Поднимаясь по больничной лестнице на свой рабочий третий этаж, я с трудом соскребала со стенок души свое дурное настроение. Если бы каждый день у меня начинался подобным образом, то я была бы опасна для общества. Еще несколько шагов и моему виду открываются трое представительных мужчин на лестничном пролете между вторым и третьим этажом.

– Волкова?

Со сталью в голосе спросил у меня один из черных пиджаков, стоящий посередине. Его серый колючий взгляд, мне не предвещал ничего хорошего. Ну, ничего, с обозленными родственниками и их семейными юристами, мне приходилось сталкиваться не впервые за свою медицинскую деятельность.

– Волкова Виктория Юрьевна.

Еще раз утвердительно повторил мужчина, перегораживая мне путь. Вот так, без протянутой в вежливом жесте руки, без представления своего имени.

– Да, это я.

Всем своим видом и тоном я побуждала мужчин продолжить быстрее, времени до начала смены было и так мало, а настроение таким паршивым, что вот именно на этих людях я и могла сорваться.

– Держи.

Мне в руку грубо пытаются впихнуть довольно пухлый белый конверт. Знала я такие фокусы, вот в этом конверте меченые купюры, а потом меня под белы рученьки в тюрьму, да с реальным сроком.

Ведь врачи – взяточники априори, зачем нас хотя бы пытаться выслушать на суде.

– Уберите, – на этих словах я делаю шаг назад на ступеньку, с трудом сохраняя равновесие. Как душевное, так и физическое.

– Девушка, не тратьте наше время.

Ого, похоже на то, что эти представители человечества, русских слов не понимают. И это я то трачу их время.

– За что деньги?

– Моя дочь Злата Пухова. Считай это возмещение ущерба, за твой закрытый рот.

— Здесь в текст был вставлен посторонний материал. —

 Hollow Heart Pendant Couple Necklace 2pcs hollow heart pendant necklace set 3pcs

Значит так…. Удивительно, как низко могут падать люди, стараясь забираться ввысь.

– Я повторяю еще раз. Я так понимаю там денежки? Так вот, Пухов, постараюсь объяснить вам подробнее. Мне двадцать пять лет, средств на жизнь мне вполне достаточно и даже более того. Потому ваше предложение не актуально.

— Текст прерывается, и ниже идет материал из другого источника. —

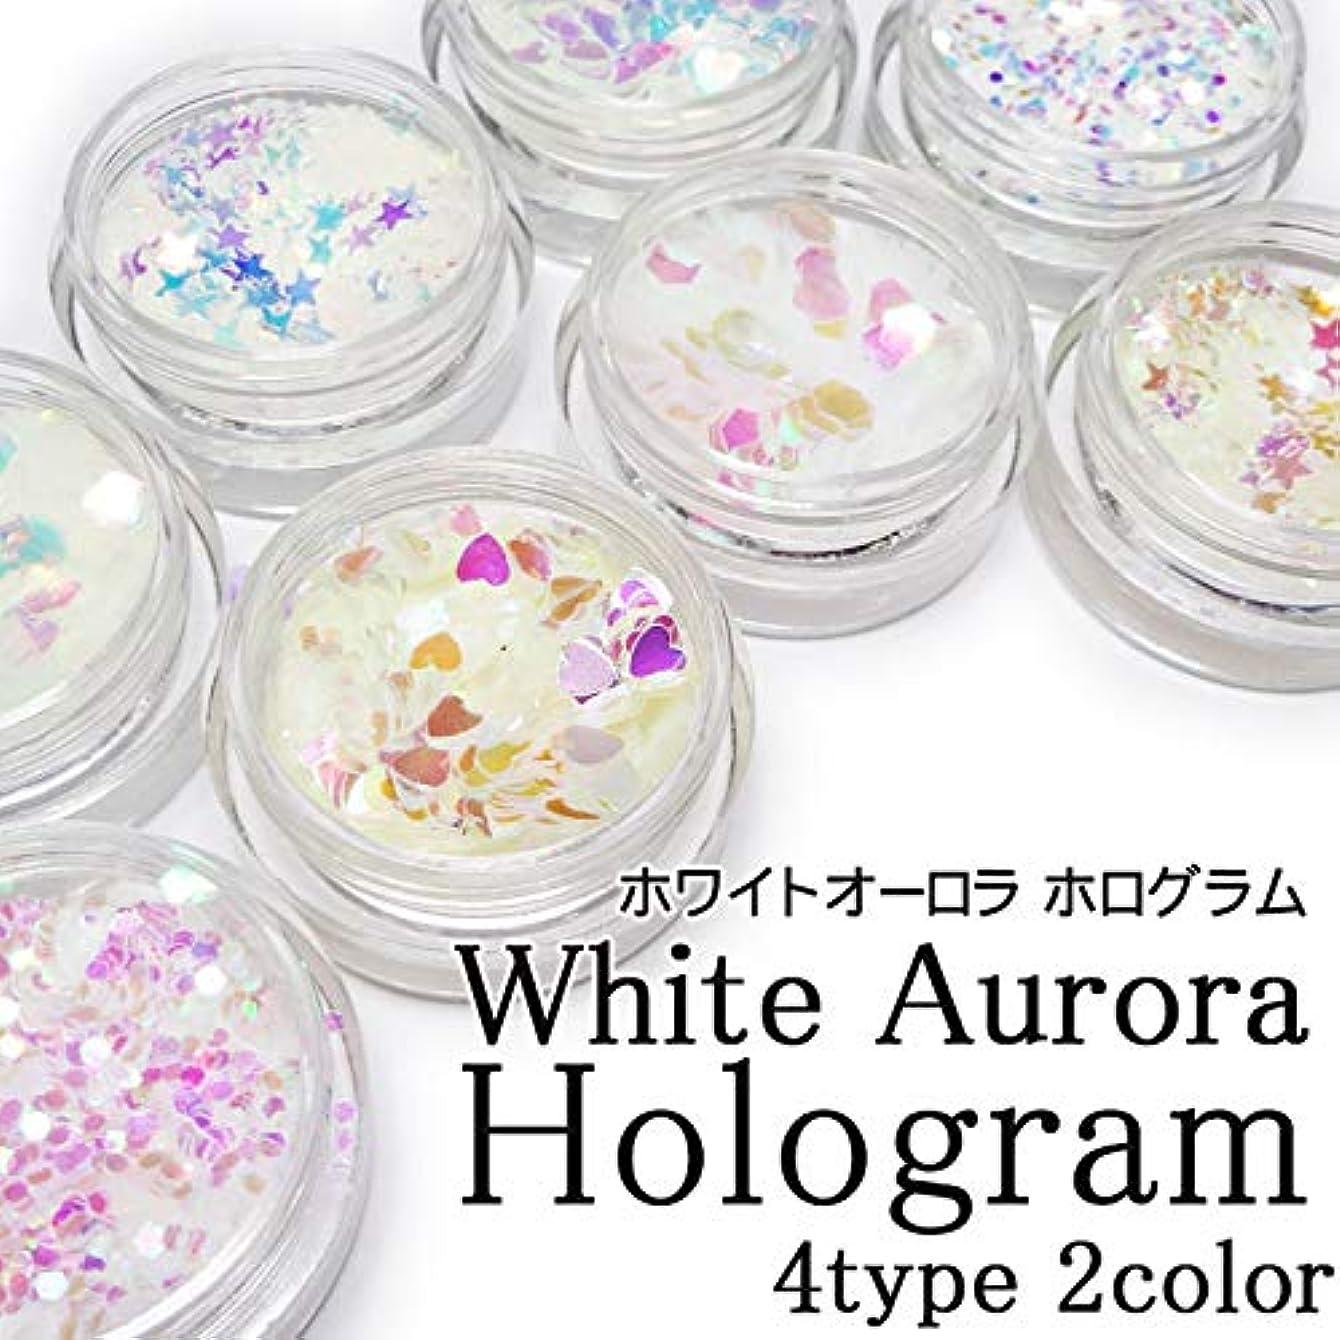 ホワイトオーロラ ホログラム(ケース入り)約1g前後入り 各種 (ピンク, 4.ハート)

Я старалась не повышать голоса, охранники уже делали шаг ко мне навстречу, а нового физического насилия над своим организмом я не хотела.

– Девочка, ты хоть знаешь, с кем связалась?

– Извините, что прерываю вашу высокоинтеллектуальную беседу, но мне пора.

Проход для меня так и не очистили, и шанса закончить разговор таким образом не было.

– Твоя мать лаборант на частном предприятии, отца нет, старые родители матери на пенсии. Девочка, ты хоть представляешь, как я могу тебя в грязи вывалить?

Мое лицо было абсолютно спокойным, но в душе поднималась такая невысказанная ярость, что я боялась порвать себя изнутри.

– Послушайте, меня. На ваше счастье, такие как вы еще не расплодились по миру, и есть еще люди способные помогать вашей дочери бескорыстно. Как юрист вы бы лучше навели обо мне справки, и узнали, что подавать заявление на вашу дочь я не собиралась. А тем более переводить ее в другое отделение или отказываться от нее. Как вы…. До свидания, не могу сказать что встреча была приятной!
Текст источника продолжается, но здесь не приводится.